**Instructions to follow**
Could the data below please be reproduced word for word, without the pictures?

**Provided material**
+ + + + + + +
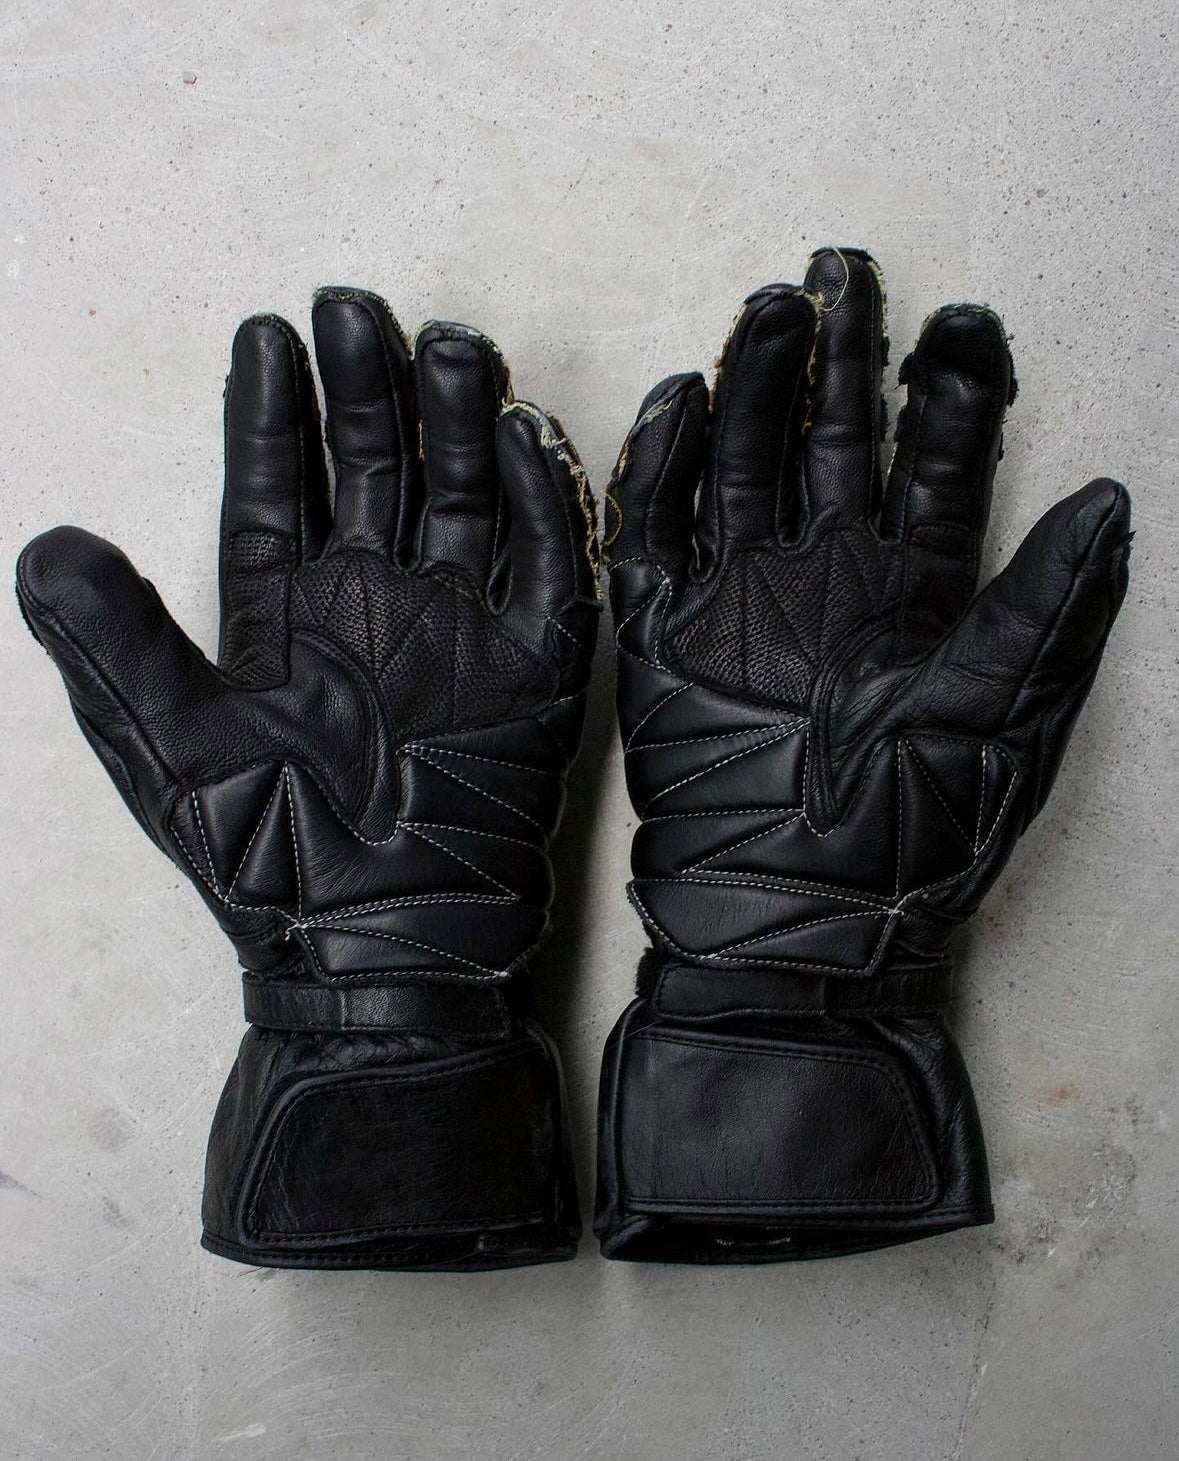 Kadoya x Kushitani “GPS GLOVE-K” Padded Lambskin Leather Motorcycle Gloves
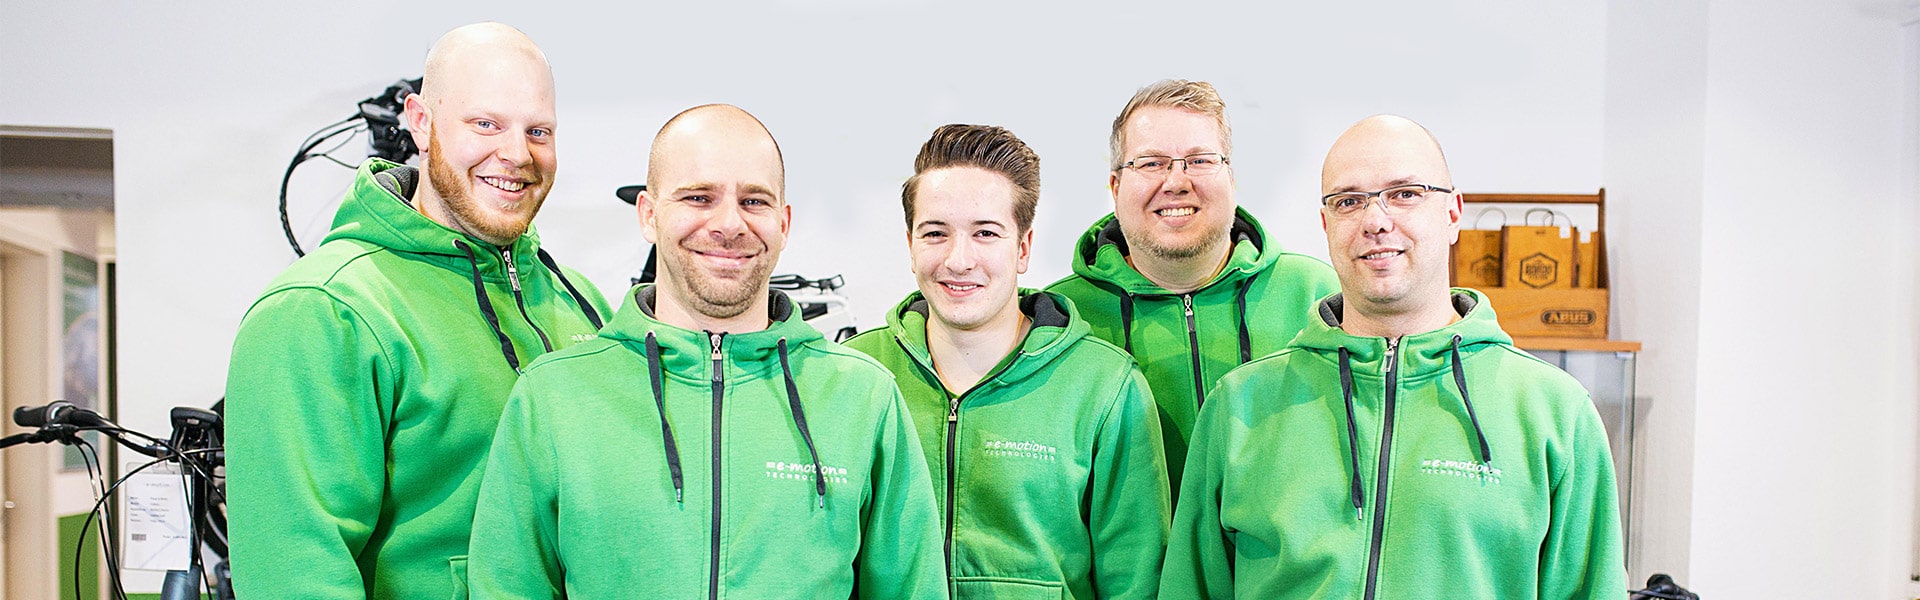 Das Team des e-motion e-Bike Premium-Shop Köln
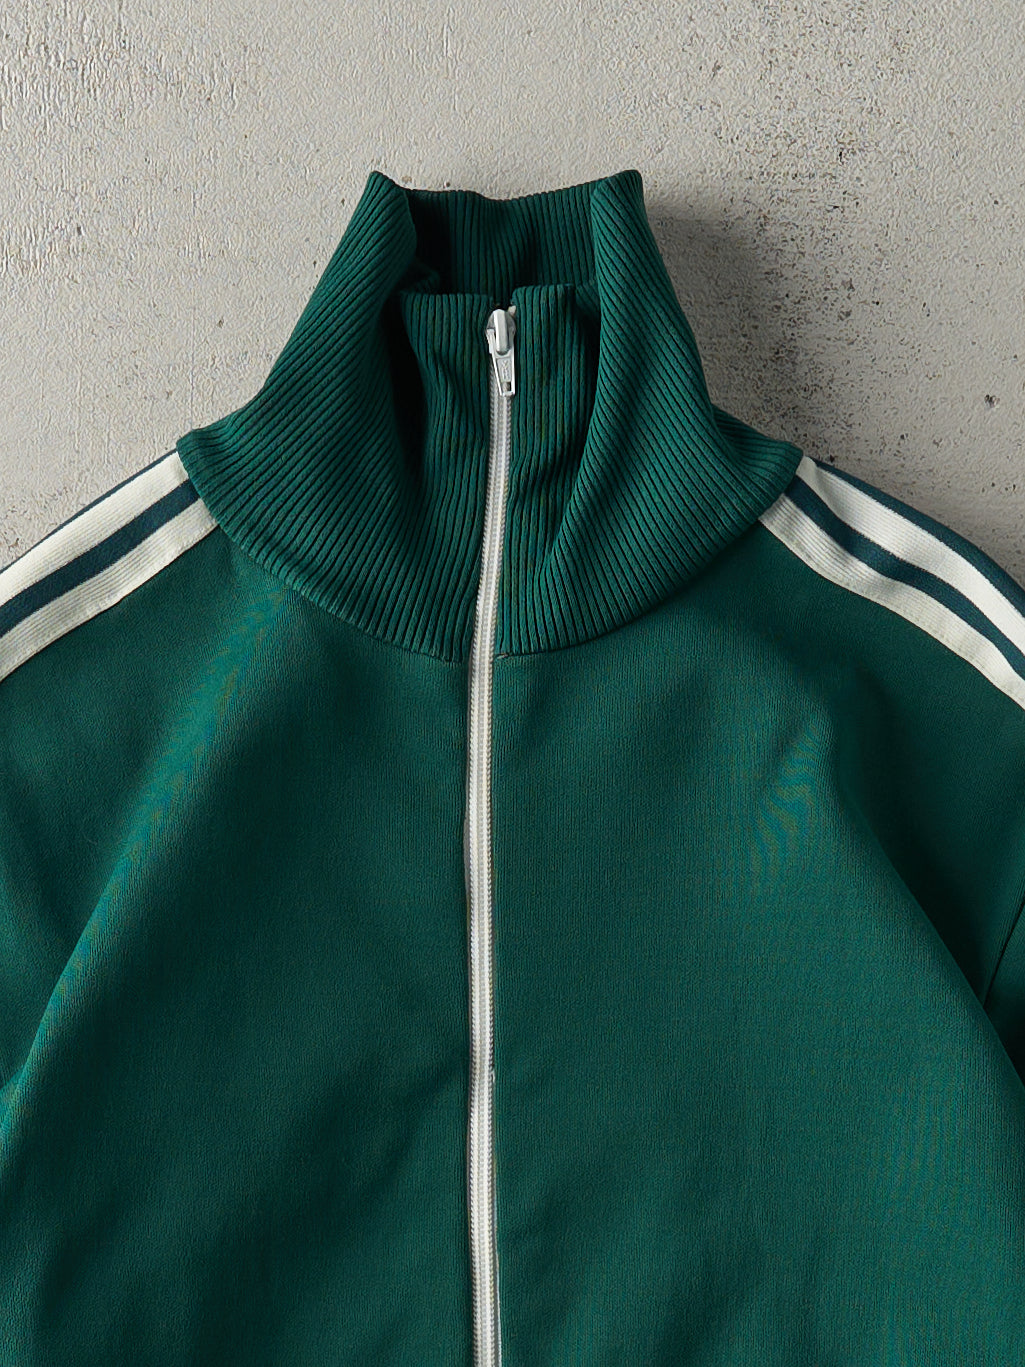 Vintage 90s Green Adidas Track Jacket (S/M)
+ + + + + + +
**Output for this exercise**
 Kadoya x Kushitani “GPS GLOVE-K” Padded Lambskin Leather Motorcycle Gloves
 Das Team des e-motion e-Bike Premium-Shop Köln
 Vintage 90s Green Adidas Track Jacket (S/M)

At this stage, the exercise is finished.